Цеховики
Шрифт:
— Невозможно.
— Так зачем глупые вопросы задаете?
— Расскажите, как вы провели день четвертого августа.
— Когда Сашка зарезали?
— Да.
— Утром встретился с Оюшминальдом.
— Лесником?
— Да. Деревня без МТС. День с этим занудой провести — испытание. Все расскажет — как коровы в этом году доятся, как подсолнухи растут…
— Что вы у Новоселова делали?
— Посидели. Обсудили, как бы за город выбраться.
— Поохотиться?
— Порыбачить, — отрезал Смородинцев. —
— Ах да, конечно, воспитание не позволяет.
— Не позволяет.
— Рассказывайте — как сидели, о чем говорили. Подробненько.
Я заставлял его вспоминать все новые и новые подробности. Вскоре он взорвался:
— Кому эти глупости нужны? Зачем дурью маяться? Я уже все рассказал.
— И больше ничего не помните?
— Не помню.
— Тогда я отправлю вас вспоминать в камеру. Вы — последний из тех, кто видел Новоселова в живых. И у меня есть все основания подозревать вас в убийстве… Как говорит кот Леопольд: «Давайте жить дружно».
— Таких друзей за хрен и в музей, — пробурчал Смородинцев, но амбиций у него поубавилось, он стал послушнее. Я заставил его вспомнить все детали.
— Что вы пили?
— Водку. Сашок предложил коньяк, но Шима закудахтал, что такую клоповую дрянь в рот не возьмет. Выудил из рюкзака беленькую. А мне все равно, что пить.

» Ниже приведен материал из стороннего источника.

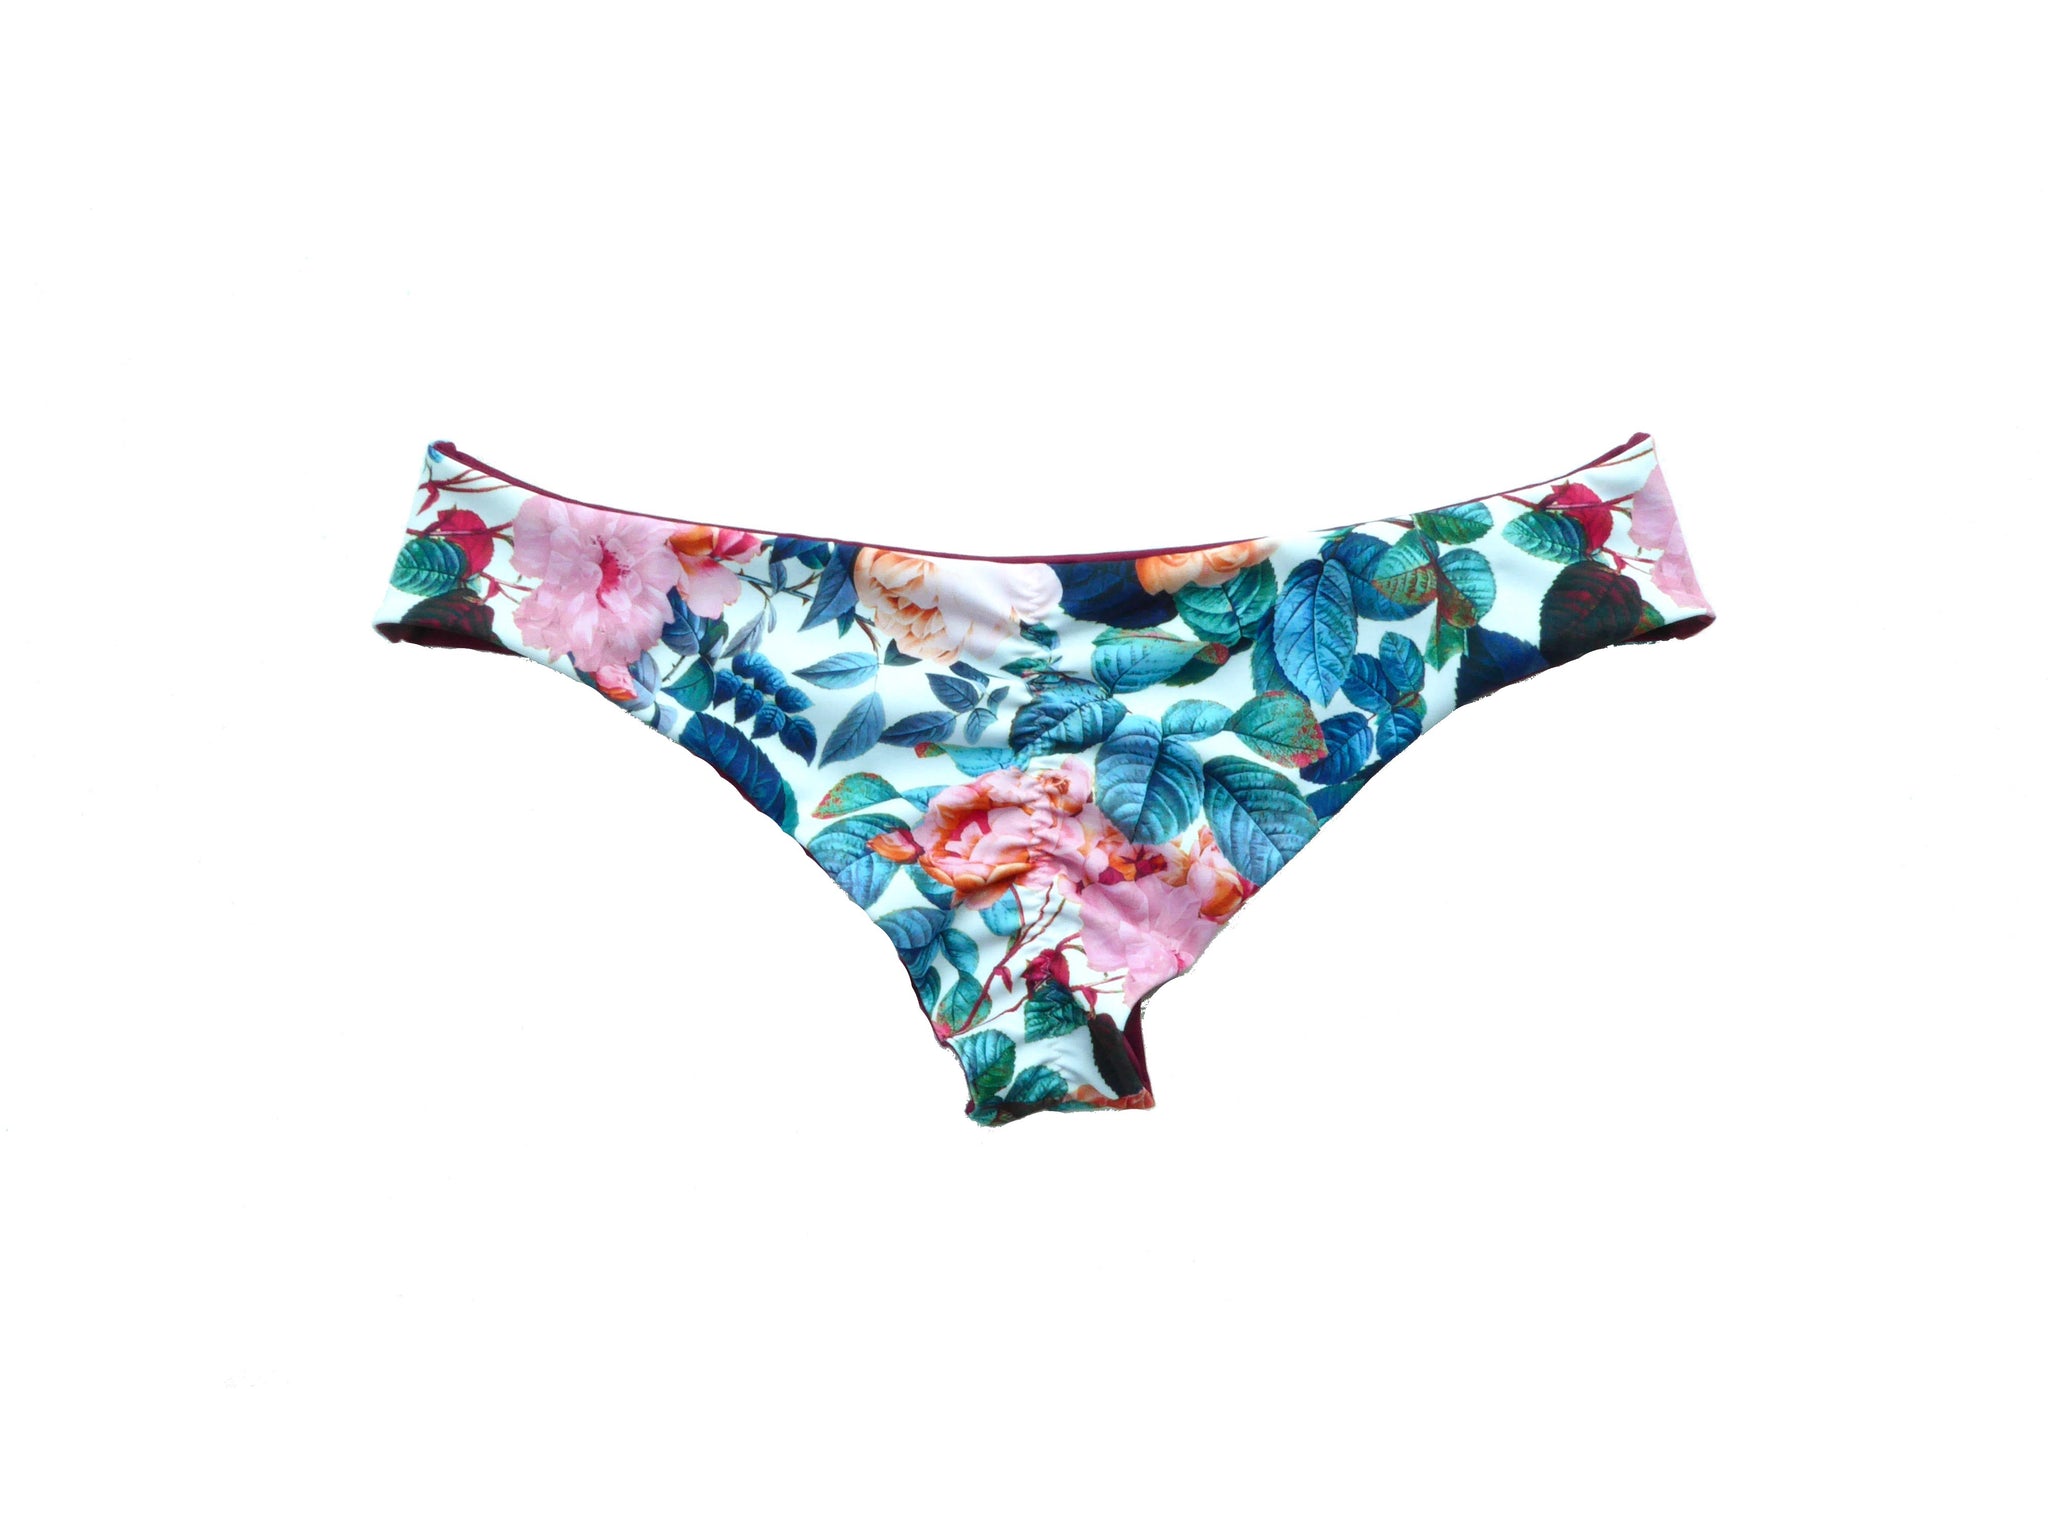 Buy Blue Floral Bikini Bottoms | Seamless Bikini | Low Cut Bikini ...

— Коньяк на стол не выставляли?
— Нет.
— Всю водку выпили?
— Остатки с собой взяли. Потом допили, так что не рассчитывайте… — усмехнулся он.

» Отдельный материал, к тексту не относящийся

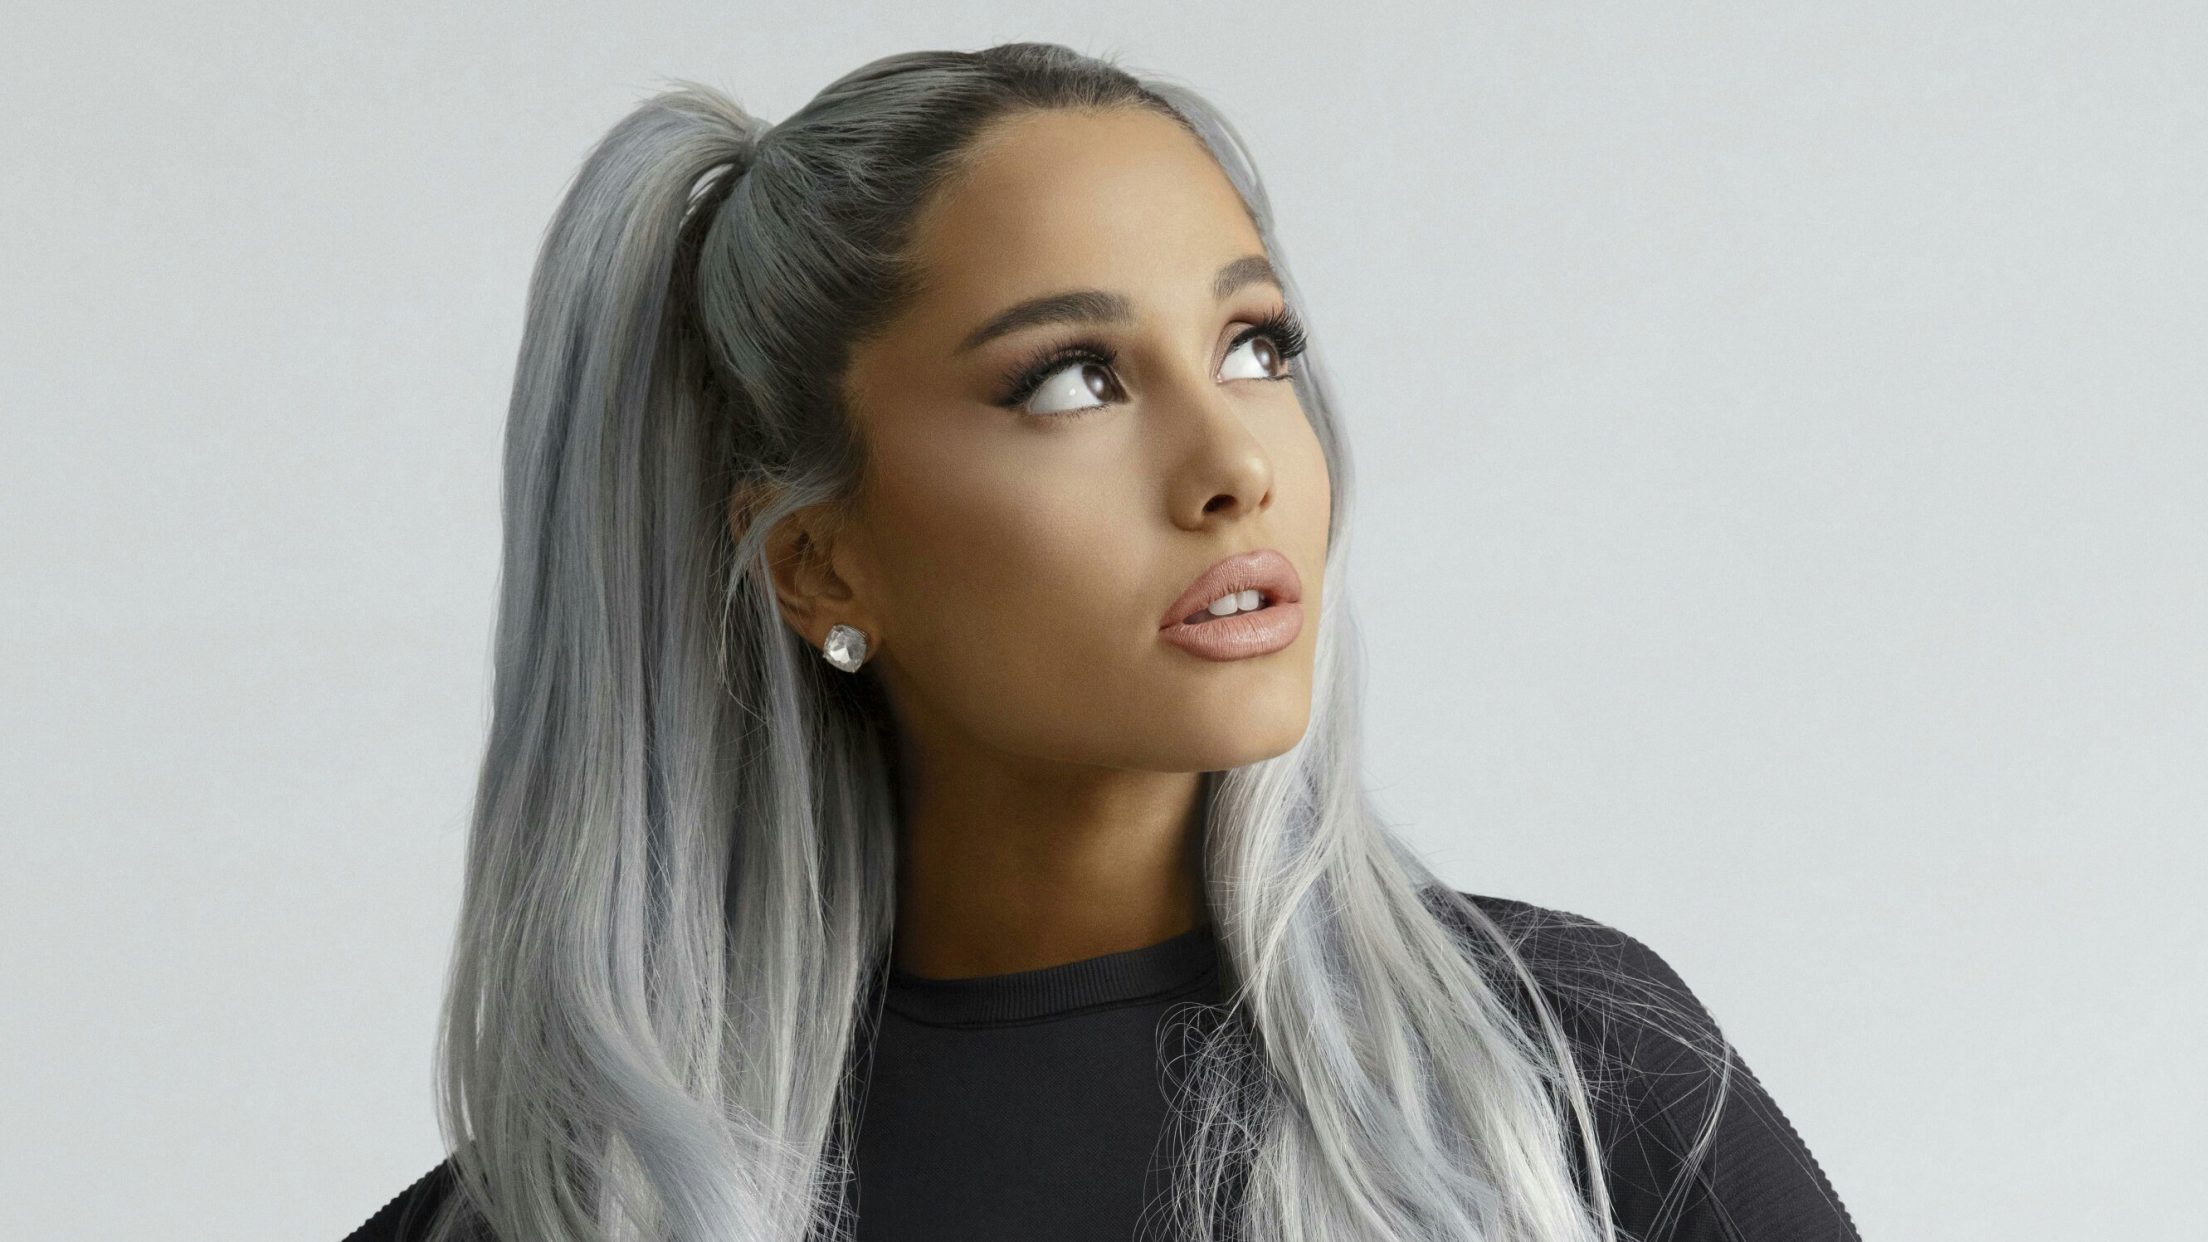 Silver Hair Ariana Grande - HD Wallpaper

Пока все, что он говорил, вполне сходилось с рассказом лесника.
— Теперь небольшая процедура, — сказал я. — «Пианино» называется.
— Какое пианино? — насторожился Смородинцев.

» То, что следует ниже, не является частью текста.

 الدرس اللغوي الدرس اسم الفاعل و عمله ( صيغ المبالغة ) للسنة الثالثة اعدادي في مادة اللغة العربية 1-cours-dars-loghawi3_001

— Не бойтесь. Это не больно.
Пашка вышел и вернулся с экспертом. Смородинцев удивленно смотрел, как эксперт раскладывает на столе бланки, валик, подушку, флакон с типографской краской.
— Что это значит?
— Это значит, что мы откатаем ваши пальцы для исследования.
— Господи, ну и дурь.
Эксперт откатал отпечатки и удалился.
— А теперь поговорим о ваших скромных утехах в компании с Новоселовым.
— И чего в них интересного?
— Ну как же — приятная компания. Среди знакомых Новоселова наверняка были занятные личности.
— Может, и были. Григорян — дитя гор, гигант мысли. Оюшминальд — титан духа… Еще одно чудо в перьях — Лупаков. На охоту собирались люди солидные, копеек не считали, а у него вечно пустые карманы, одет, как оборванец. Хотя тоже не бомж, должность у него такая же, как у меня, — начальник цеха, зарплату какую-никакую должен получать.
— Что у него за цех?
— Металлоизделий на заводе в Налимске. Он старый приятель то ли Новоселова, то ли Григоряна.
— У них дела какие-то были?
— У этого халявщика дела? Что вы! Вы бы на него посмотрели!.. Еще этот бандит
— Может, и наемным убийцей?
— Запросто. Не поделили что-то Григорян с Новоселовым, Нуретдинов за хозяина обиделся и прирезал негодяя.
— Были причины?
— Могли быть. Например, жена Новоселова.
— А что жена Новоселова?
— Григорян, хоть и хитрый, и с деньгами (а где вы арика без денег видели?), по сути — чурка чуркой. Он как в первый раз жену Новоселова увидел, так и размяк, как пломбир на южном солнце. Сто килограммов живого веса — мечта поэта. Всех доходяг, которых ветер носит, к толстым бабищам тянет.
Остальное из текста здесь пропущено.